The mirror neurons described in the study are the first to be found in the hypothalamus, an evolutionarily ancient brain region — suggesting that mirror neurons’ original purpose might have been to enhance defence and, ultimately, reproductive success, the authors speculate. The study was published in Cell on 15 February.

“We’ve now shown that mirror neurons functionally participate in the behaviours they’re mirroring,” says Nirao Shah, a neuroscientist at Stanford University in California who co-authored the study. “That changes what we think about mirror neurons.”

Monkey business

First identified in monkeys in the 1990s, mirror neurons generally fire when an animal takes a certain action, but they also fire when it sees another animal perform the same action.
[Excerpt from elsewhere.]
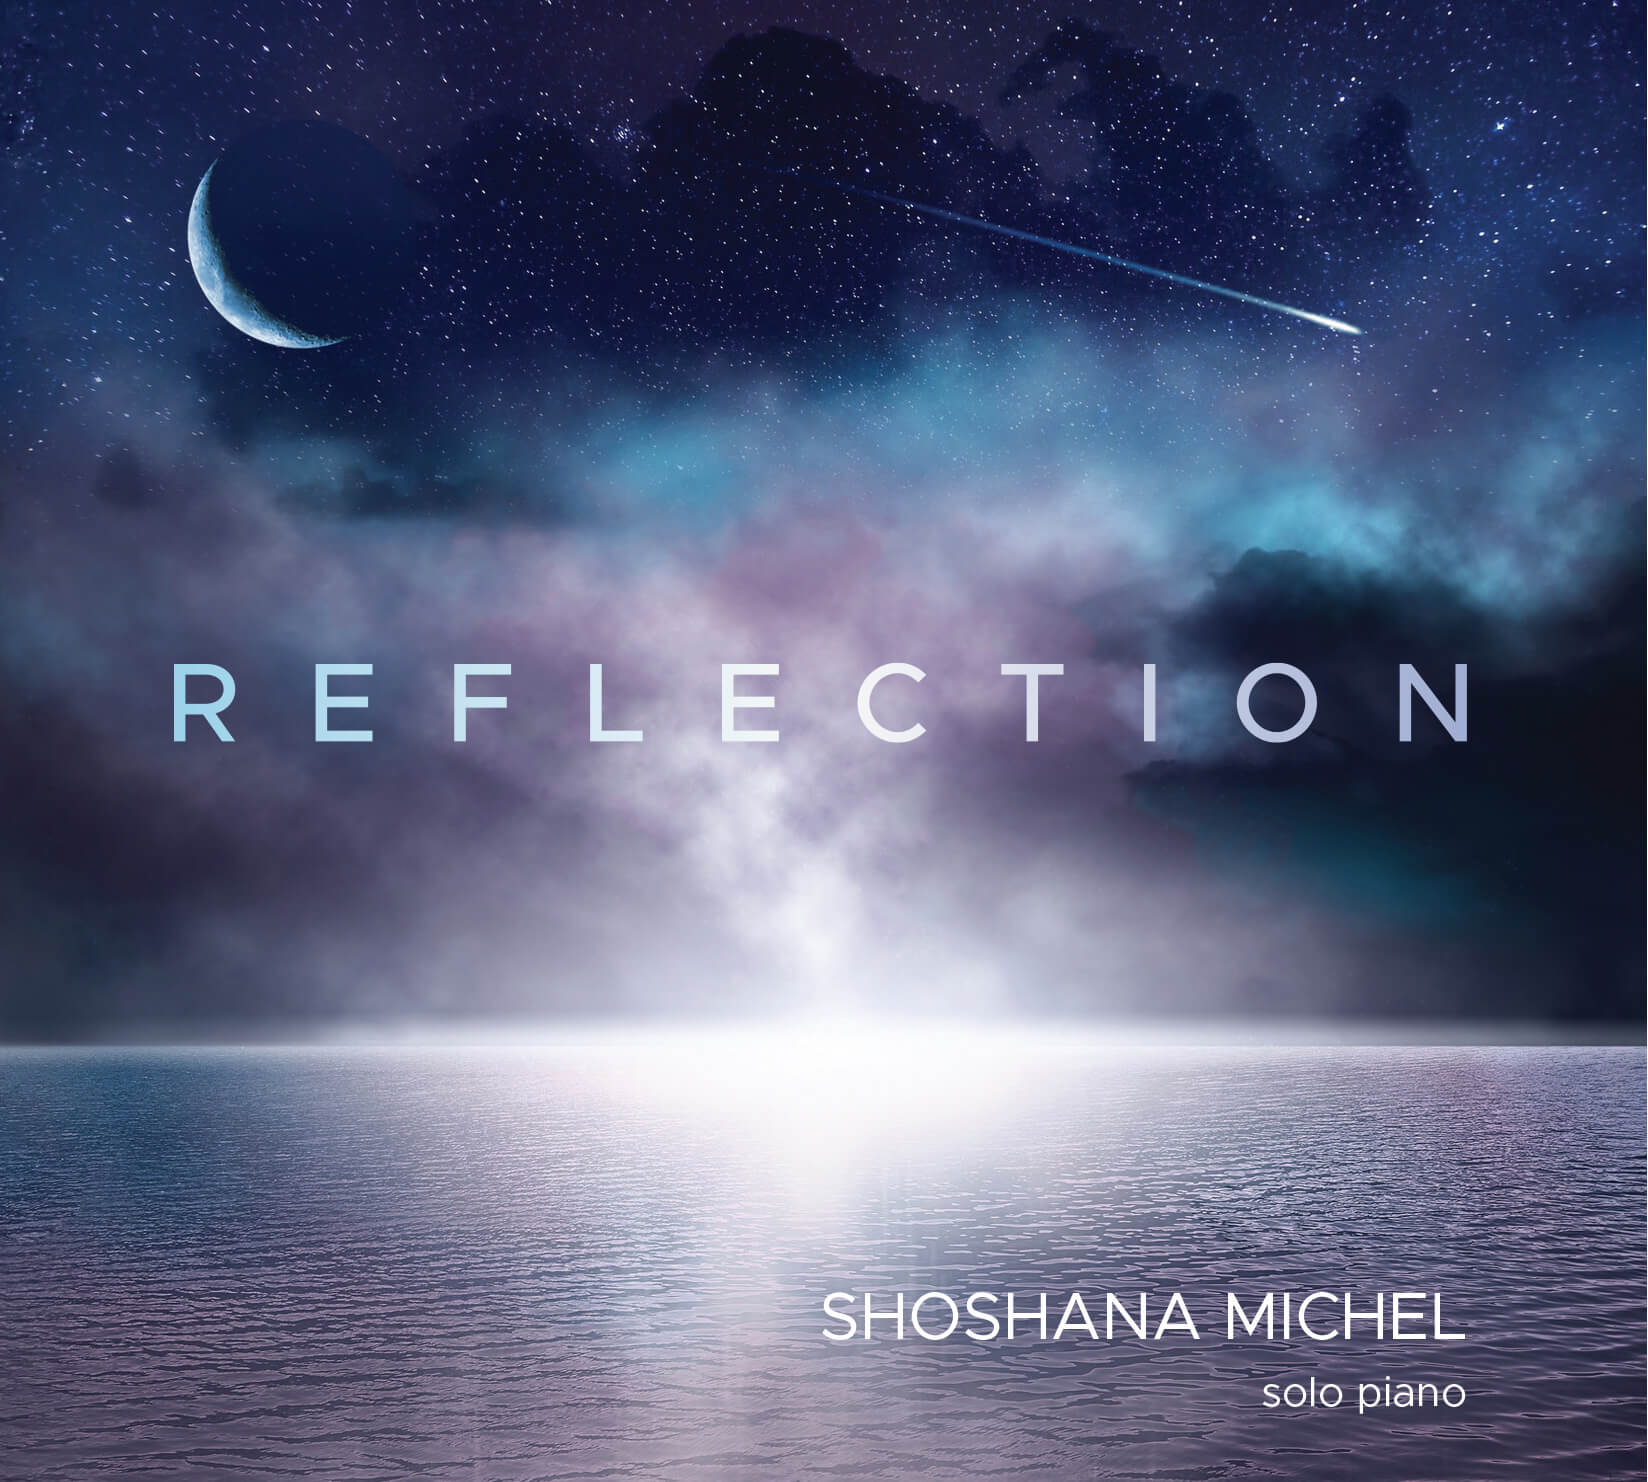 Beautiful emotional solo piano portraits Shoshana Michel

Previous work has linked mirror neurons’ activity to simple behaviours, such as reaching for an object, but not to complex social behaviours, such as fighting.

But exactly how mirror-neuron activity contributes to cognitive functions has been controversial, says Pier Francesco Ferrari, a neuroethologist at the Institute of Cognitive Science Marc Jeannerod in Lyon, France. Some researchers have argued that the fact that mirror neurons fire both when an animal observes a behaviour and when it performs that behaviour itself shows that these neurons are involved in a higher-order awareness of others’ actions — and perhaps even contribute to empathy. But others say that there is little evidence to support this theory.

Mirror neurons have mostly been found in the prefrontal cortex, an area of the brain responsible for regulating social behaviours. But experiments by Taehong Yang, a neuroscientist at Stanford University who co-authored the latest study, and his colleagues made them wonder whether there might be mirror neurons in the ventromedial hypothalamus (VMH), a region that some researchers have called the brain’s attack centre. In 2017, Yang and his colleagues found2 that in certain social situations, activating the VMH neurons in mice did not trigger aggression. This made the researchers think that the VMH might include mirror neurons, which are sensitive to other individuals’ actions.

Full of fight

Yang and his colleagues recorded VMH neurons when male mice watched others fight. They found that some VMH neurons fired both when an animal itself acted aggressively and when it watched others do so. Using a genetic-marker system, the researchers also showed that these neurons don’t just act as bystanders to the fight but are essential for triggering fighting.

Ferrari says that the study doesn’t answer why animals have mirror neurons. But he says that the experiments are well done and that the results hint that mirror neurons might be essential to a social behaviour such as aggression. For example, the mirror neurons — or an entire system of neurons of which VMH neurons are part — of a mouse watching a fight might encode which animal wins that fight.

Scientists knew previously that neurons in the hypothalamus control behaviour, but this is the first evidence that neurons in this region “are actually able to sense or respond to another animal’s social experience”, says Dayu Lin, a social neuroscientist at NYU Langone Health in New York City. It is especially striking that these neurons respond to visual cues in an animal species that relies so heavily on smell, she adds.